Taxpayer pressure group

The New Zealand Taxpayers' Union (NZTU) is a taxpayer pressure group founded in 2013 to scrutinise government spending, publicise government waste, and promote an efficient tax system. The union was founded among conservative figures,
and is often regarded as a right-wing pressure group.

==Leadership==
The New Zealand Taxpayers' Union was founded on 30 October 2013. The group was first chaired for four years by John Bishop, a former Television New Zealand political editor, and father of National Party list MP Chris Bishop. He was succeeded by Barrie Saunders, who held the chair for three years from 2017 to 2021. Ashley Church, a director of the Israel Institute of New Zealand and a former CEO of the Property Institute of New Zealand, was invited onto the Board in 2020 and became its chairperson in 2021, but stepped down after five months.

The group's co-founder and Executive Director is Wellington lawyer Jordan Williams. Williams is known for fronting the 'Vote for Change' campaign during the 2011 referendum on New Zealand's voting system. Williams previously worked at the law firm of former ACT MP Stephen Franks. Williams was involved in a series of lawsuits over defamation with the then leader of the Conservative Party of New Zealand Colin Craig. In 2019 Williams apologised to Craig for defamation and Williams dropped his counter-suit.

David Farrar co-founded the group and was a board member for ten years, resigning in July 2023. Farrar describes himself as "very pro economic liberalism", and has stated that the Taxpayers' Union is not "anti-left or right", and "I suspect we will somewhat annoy whoever is in government at the time".

==Activities==

The Taxpayers' Union initiatives include public relations campaigns and paid advertising. Campaigns are intended to generate media interest and greater public involvement and support for fiscally conservative causes.

Its major campaigns have included reports on corporate welfare by the John Key-led government, commissioning independent costings of the election promises of all the major political parties during the 2014 election, and league tables comparing the performance of local government organisations.

In January 2014, the group released internal ACC documents suggesting that $19 million awarded to the New Zealand Council of Trade Unions and Business New Zealand to provide a workplace health and safety training programme had been wasted. Soon afterward the scheme was scrapped.

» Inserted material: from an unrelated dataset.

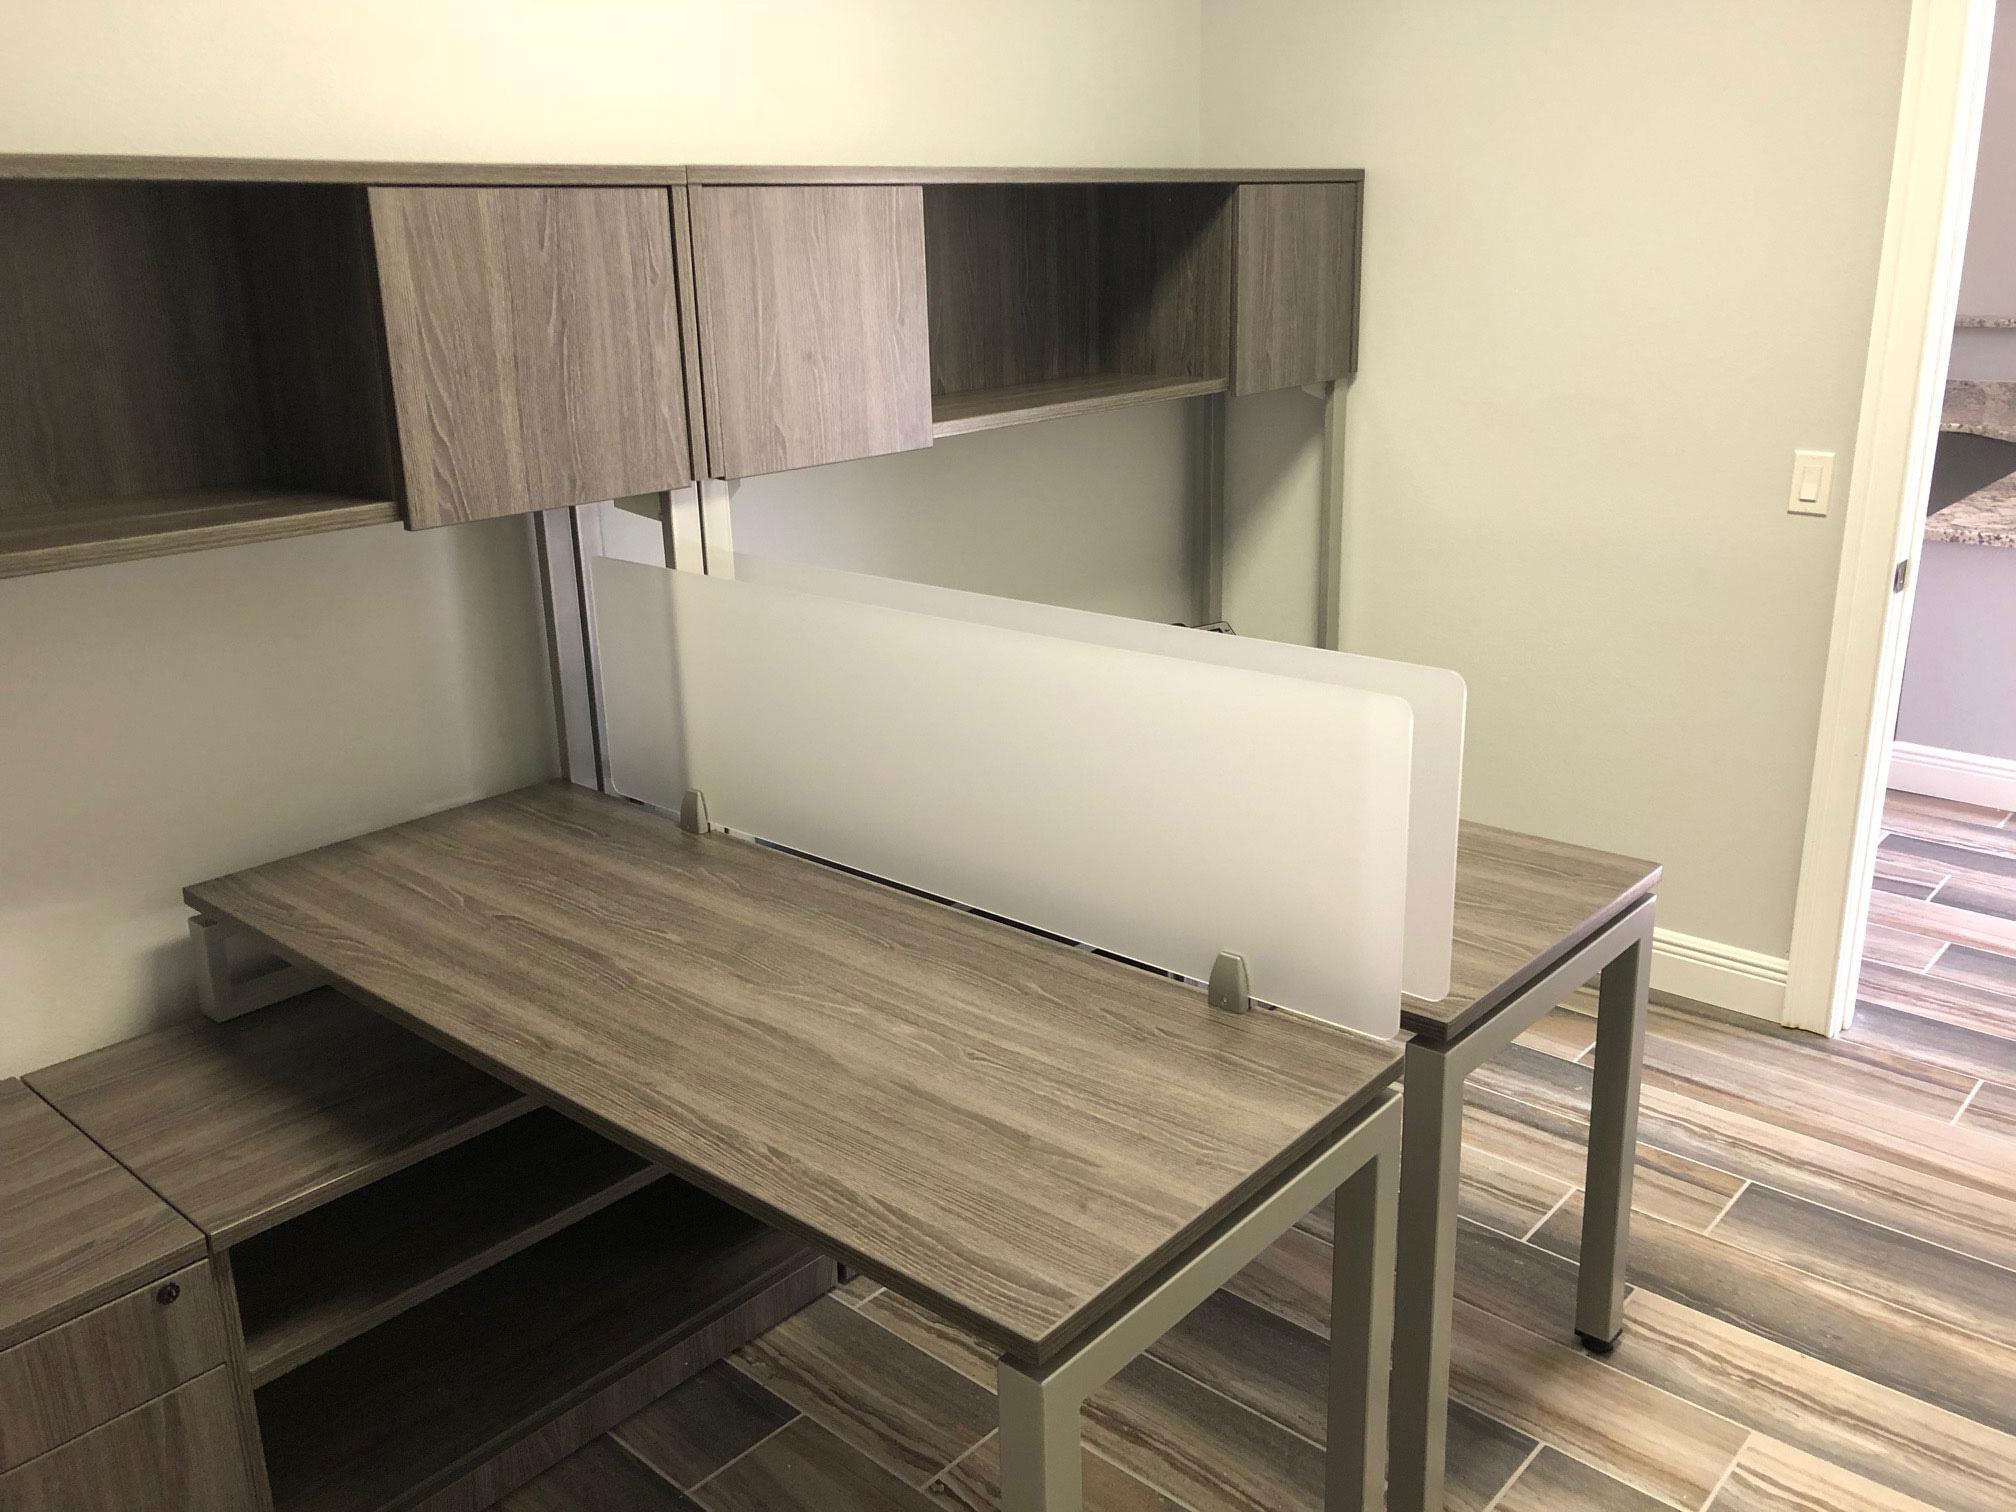 furniture-cubicles-in-tampa-florida-6.jpg

In June 2014 the group partnered with Fairfax Media to produce local government league tables, labelled "The Ratepayers' Report".

The group operates a confidential 'tip line' for members of the public and government officials to report examples of government waste.

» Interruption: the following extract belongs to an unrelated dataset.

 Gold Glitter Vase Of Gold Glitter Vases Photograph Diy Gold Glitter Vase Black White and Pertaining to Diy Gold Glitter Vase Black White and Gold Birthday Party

The Auckland Ratepayers' Alliance describes itself as a "Taxpayers' Union supported project". Its activities, which focus on Auckland Council rates and spending, were folded into the Taxpayers' Union in 2021. Before then, it had been a company founded (in 2015) and directed by Jordan Williams, registered at the Taxpayers' Union Wellington address. In the year to 30 June 2017, the Taxpayers' Union was responsible for 5.4% of all the official information requests received by Auckland Council. The council estimated that to respond to all 64 requests cost $39,100.

Between 2021 and 2023, the Taxpayers' Union opposed the Sixth Labour Government's Three Waters and co-governance policies.

In 2024 a Taxpayers' Union representative travelled to Panama to oppose the 10th conference of parties to the WHO Framework Convention on Tobacco Control. A group of taxpayer groups from around the world gathered with the aim of preventing increased prohibition of vaping.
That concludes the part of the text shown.